Given information.
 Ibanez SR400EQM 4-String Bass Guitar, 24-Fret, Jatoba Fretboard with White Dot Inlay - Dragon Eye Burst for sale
--
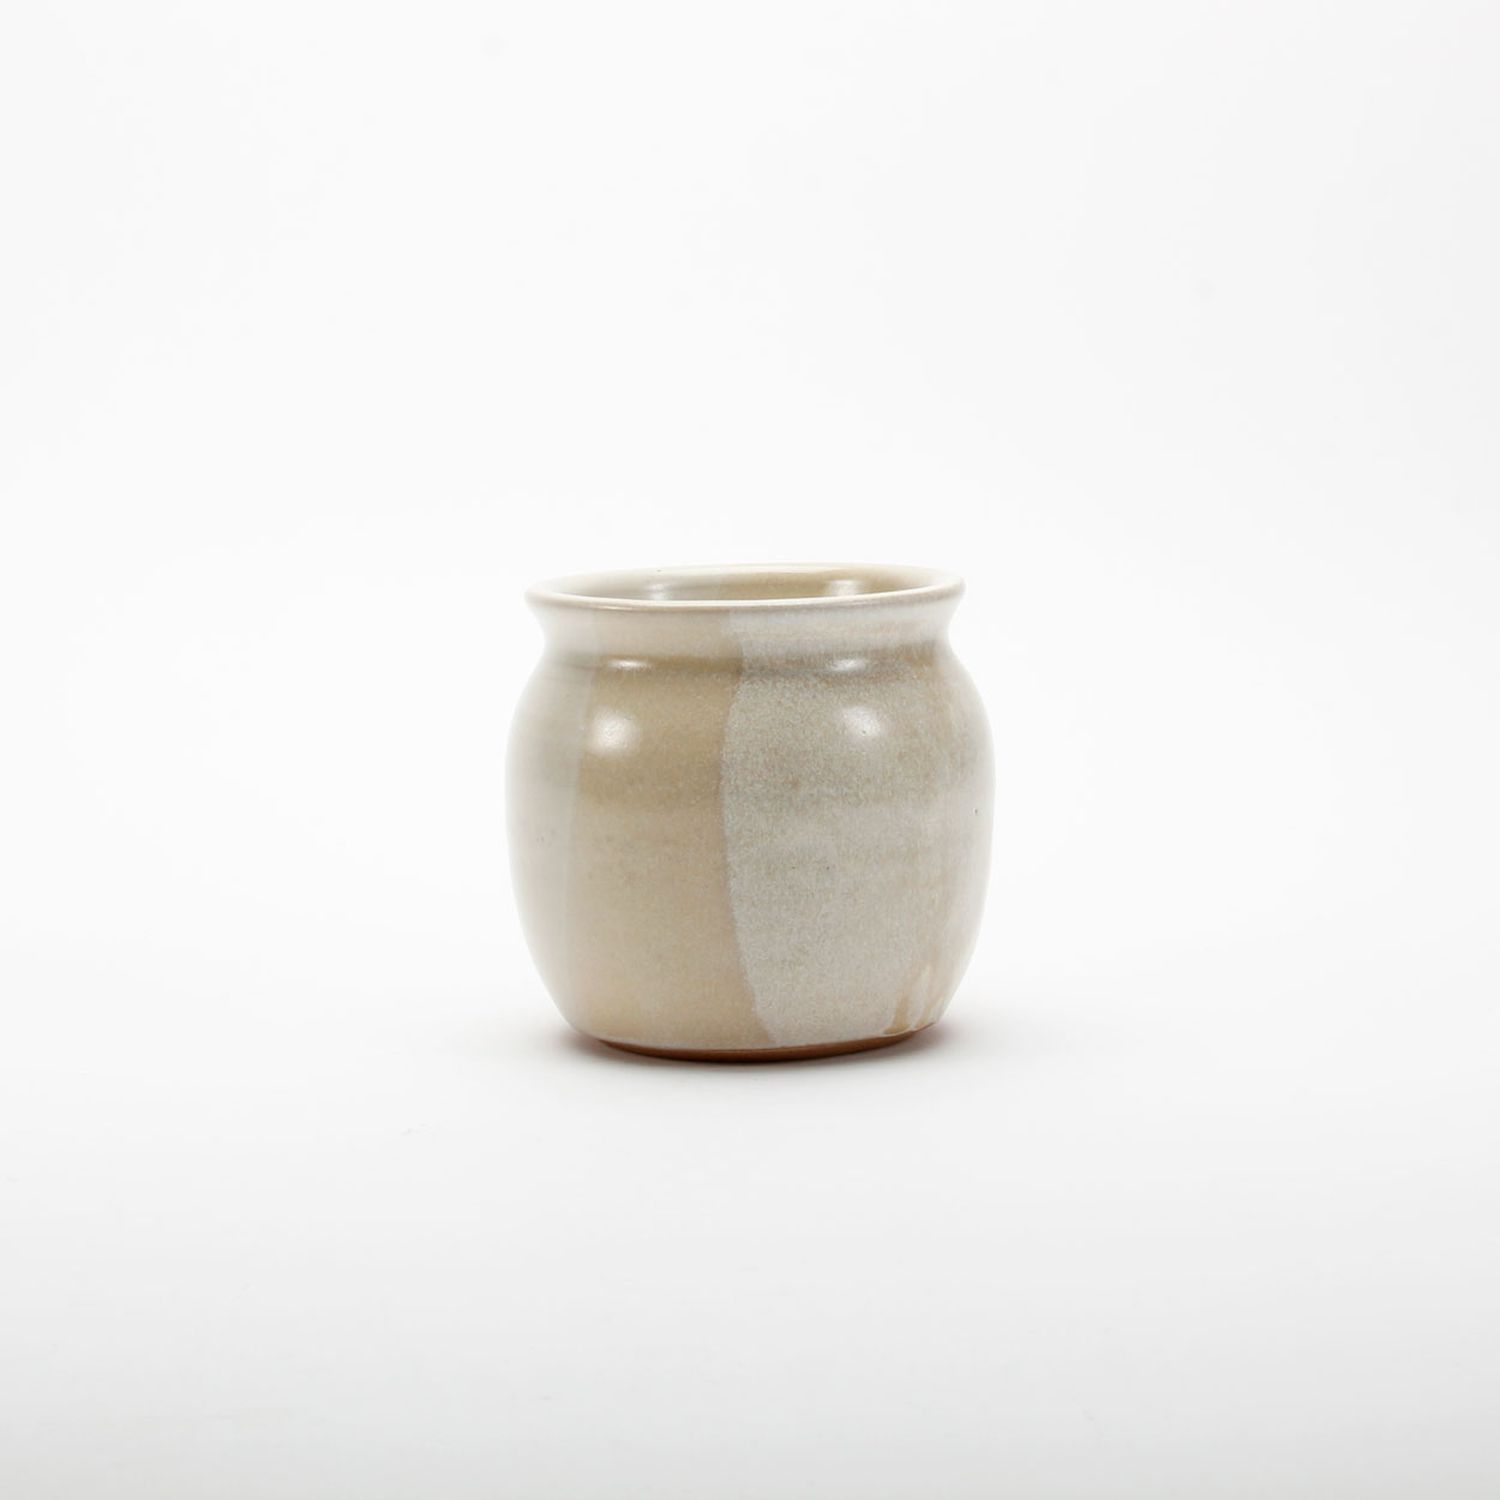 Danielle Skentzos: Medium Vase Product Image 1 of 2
...
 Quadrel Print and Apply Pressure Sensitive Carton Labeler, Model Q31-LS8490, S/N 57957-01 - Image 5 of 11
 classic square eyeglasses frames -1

Activity. In the listing above, find the line with "Quadrel Print and" and the line with "classic square eyeglasses frames -1"; output exactly those lines and all lines between them.

Your response.
 Quadrel Print and Apply Pressure Sensitive Carton Labeler, Model Q31-LS8490, S/N 57957-01 - Image 5 of 11
 classic square eyeglasses frames -1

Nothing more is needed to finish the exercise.